I'm trying to figure out the arguments for gather in the tidyr package.
I looked at the documentation, and the syntax looks like:
gather(data, key, value, ..., na.rm = FALSE, convert = FALSE)
There is an example in the help files:
stocks <- data.frame(
time = as.Date('2009-01-01') + 0:9,
X = rnorm(10, 0, 1),
Y = rnorm(10, 0, 2),
Z = rnorm(10, 0, 4)
)
gather(stocks, stock, price, -time)
I'm curious about the last line:
gather(stocks, stock, price, -time)
Here, stocks is clearly the data we want to modify, which is fine.

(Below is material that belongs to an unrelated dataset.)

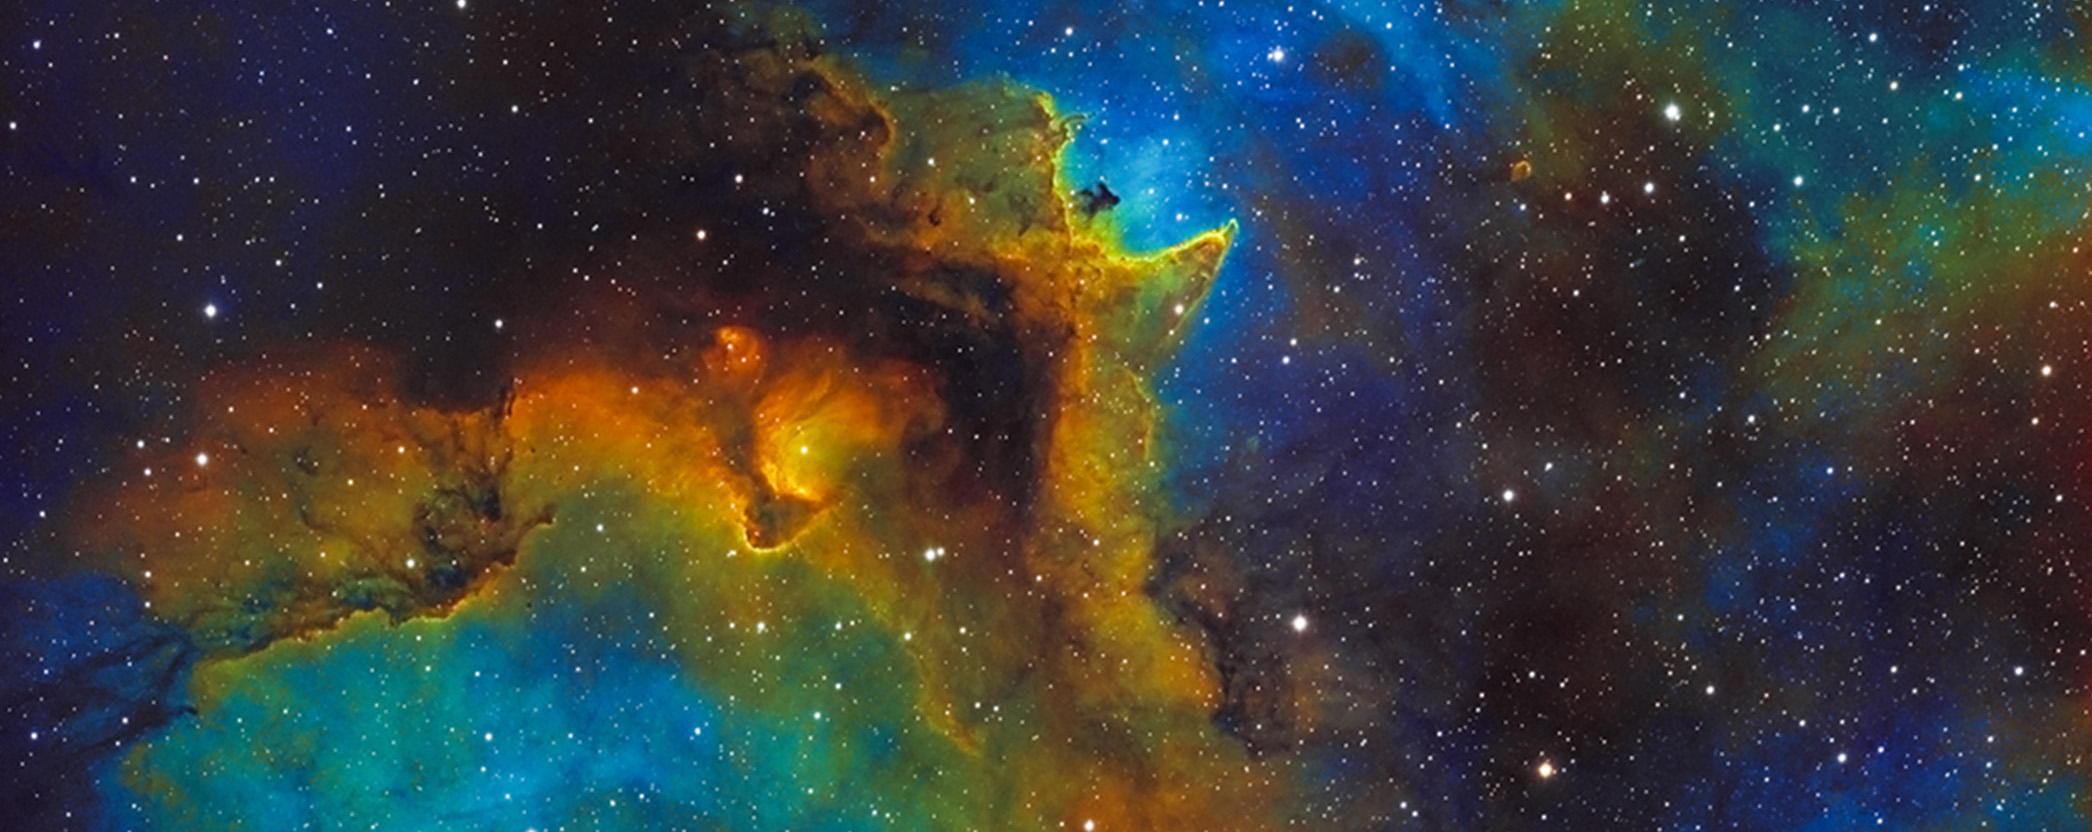 large hydrogen, sulfur and oxygen gas cloud in the constellation of Cassiopeia
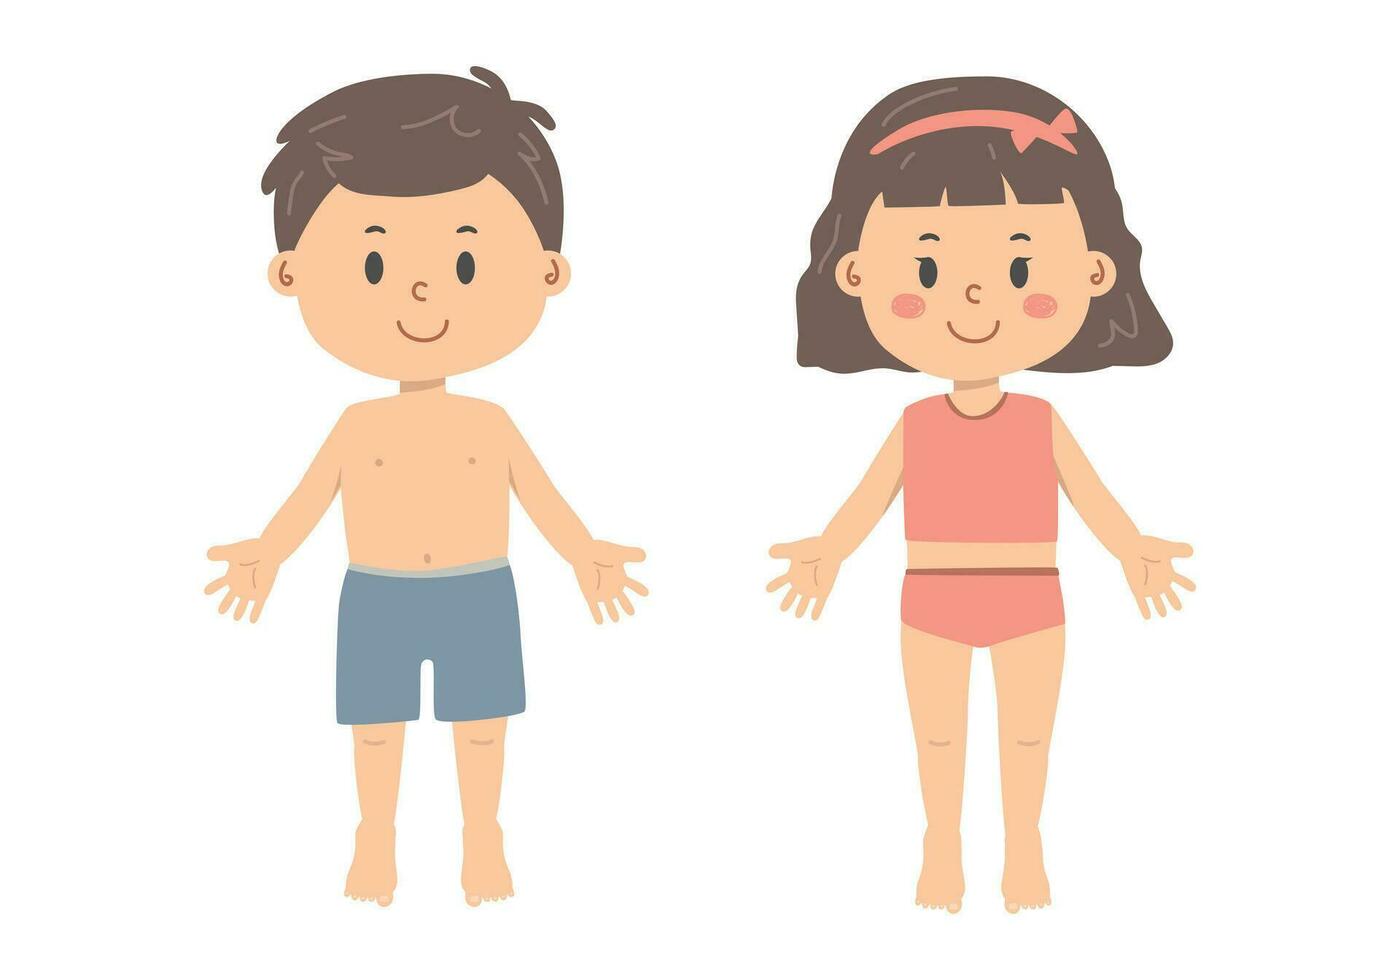 Human body vector illustration flat style. Cute boy and girl body clipart cartoon style. Human body vector illustration flat cartoon style. Head, eye, neck, shoulder, chest, leg, foot

So I can read that stock and price are arguments to a key value pair -- but how does this function decide how to select columns to create this key value pair? The original dataframe looks like this:
time X Y Z
2009-01-01 1.10177950 -1.1926213 -7.4149618
2009-01-02 0.75578151 -4.3705737 -0.3117843
2009-01-03 -0.23823356 -1.3497319 3.8742654
2009-01-04 0.98744470 -4.2381224 0.7397038
2009-01-05 0.74139013 -2.5303960 -5.5197743
I don't see any indication that we should use any combination of X, Y or Z. When I'm using this function, I feel like I'm just choosing names for what I want the columns in my long formatted dataframe to be, and praying that gather magically works. Come to think of it, I feel the same way when I use melt.
Does gather look at the column's type? How does it map from wide to long?
EDIT
Great answer below, great discussion below, and for anyone else wanting more info on the philosophy and use of the tidyr package should definitely read this paper, although the vignette doesn't explain the syntax.